The Man Who Saved the Earth
by Austin Hall
Not a sound; the whole works a complicated mass covering a hundred acres, driving with a silence that was magic. Not a whir nor friction. Like a living composite body pulsing and breathing the strange and mysterious force that had been evolved from Huyck’s theory of kinetics. The four great steel conduits running from the globes down the side of the mountain. In the center at a point midway between the globes, a massive steel needle hung on a pivot and pointed directly at the sun.
We read of the days when the powers of radium were yet unknown. It is told us that burns were produced by incautiously carrying a tube of radium salts in the pocket. And here in this story we are told of a different power, opalescence, due to another element. It can destroy mountains, excavate cavities of immeasurable depths and kill human beings and animals in multitude. The story opens with a poor little boy experimenting with a burning glass. Then he becomes the hero of the story—he studies and eventually finds himself able to destroy the earth. He exceeds Archimedes in his power. And he suddenly finds that he has unlocked a power that threatens this very destruction. And the story depicts his horror at the Frankenstein which he had unloosed, and tells of his wild efforts to save humanity, and of the loss of the cosmic discoveries of the little newsboy grown up to be a great scientist.
CHAPTER I
THE BEGINNING
Even the beginning. From the start the whole thing has the precision of machine work. Fate and its working—and the wonderful Providence which watches over Man and his future. The whole thing unerring: the incident, the work, the calamity, and the martyr. In the retrospect of disaster we may all of us grow strong in wisdom. Let us go into history.
A hot July day. A sun of scant pity, and a staggering street; panting thousands dragging along, hatless; fans and parasols; the sultry vengeance of a real day of summer. A day of bursting tires; hot pavements, and wrecked endeavor, heartaches for the seashore, for leafy bowers beside rippling water, a day of broken hopes and listless ambition.
Perhaps Fate chose the day because of its heat and because of its natural benefit on fecundity.

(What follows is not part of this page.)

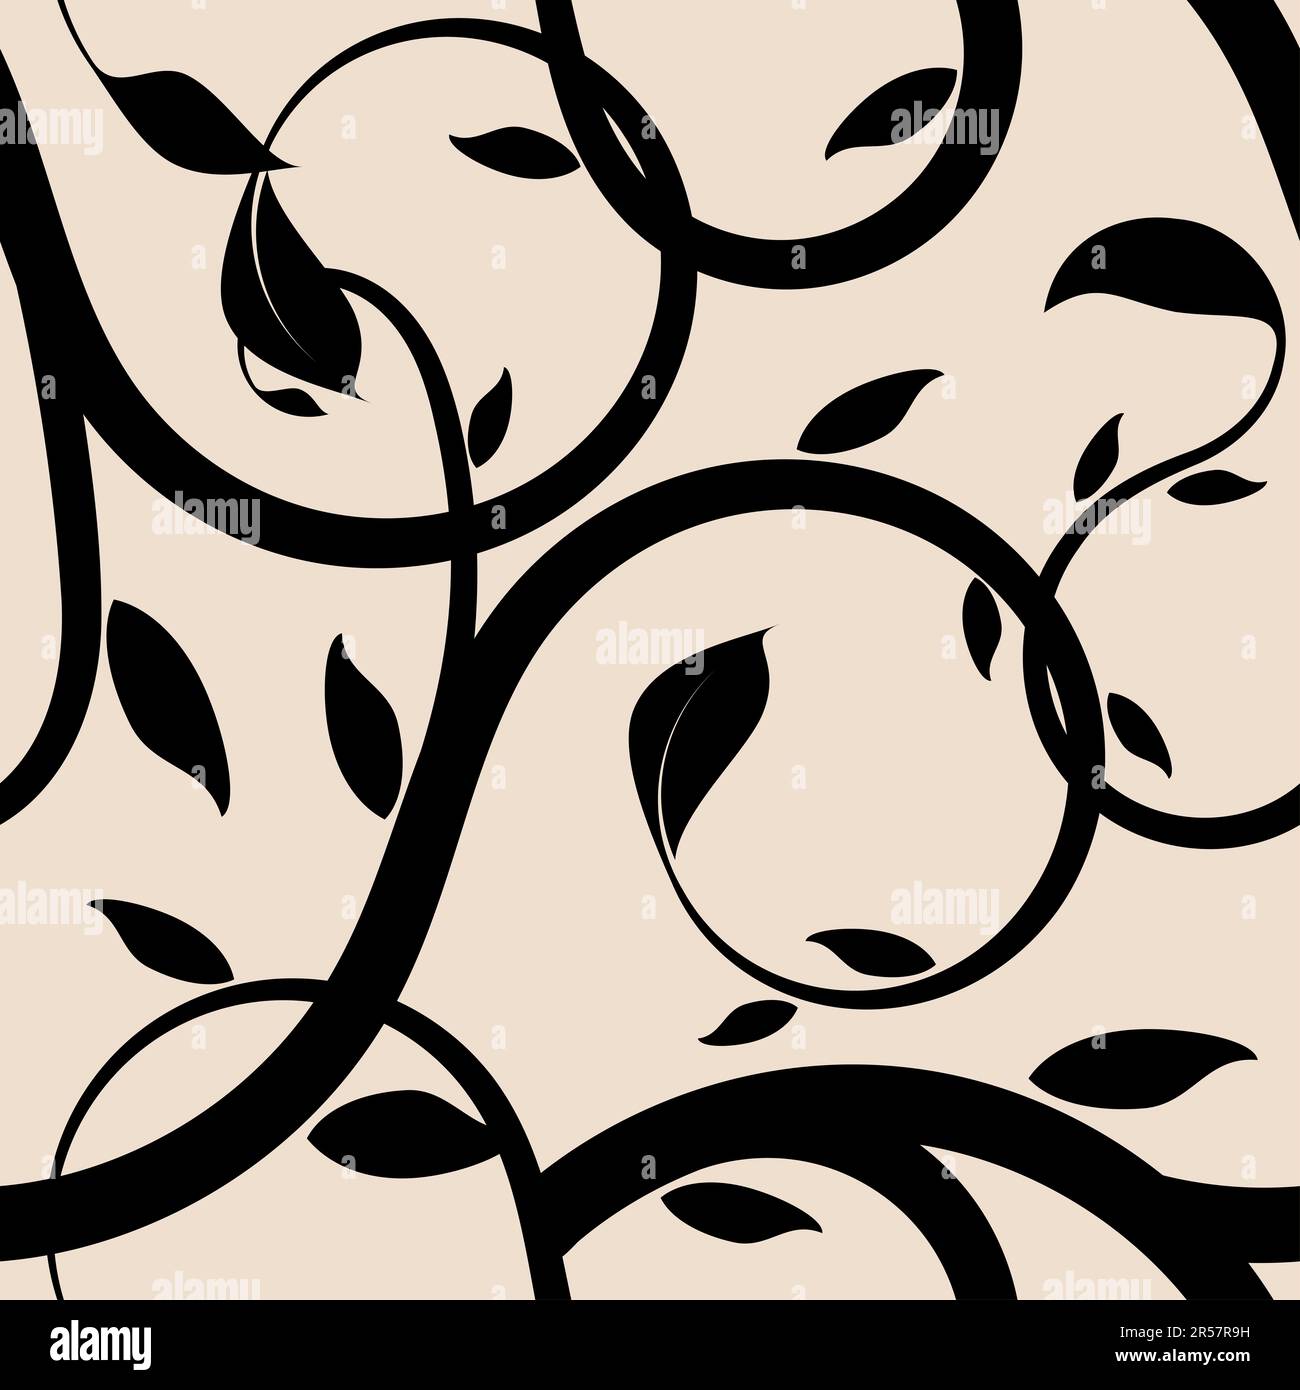 Seamless stylish flourish design pattern, vector illustration Stock Photo

We have no way of knowing. But we do know this: the date, the time, the meeting; the boy with the burning glass and the old doctor. So commonplace, so trivial and hidden in obscurity! Who would have guessed it? Yet it is—after the creation—one of the most important dates in the world’s history.
This is saying a whole lot. Let us go into it and see what it amounts to. Let us trace the thing out in history, weigh it up and balance it with sequence.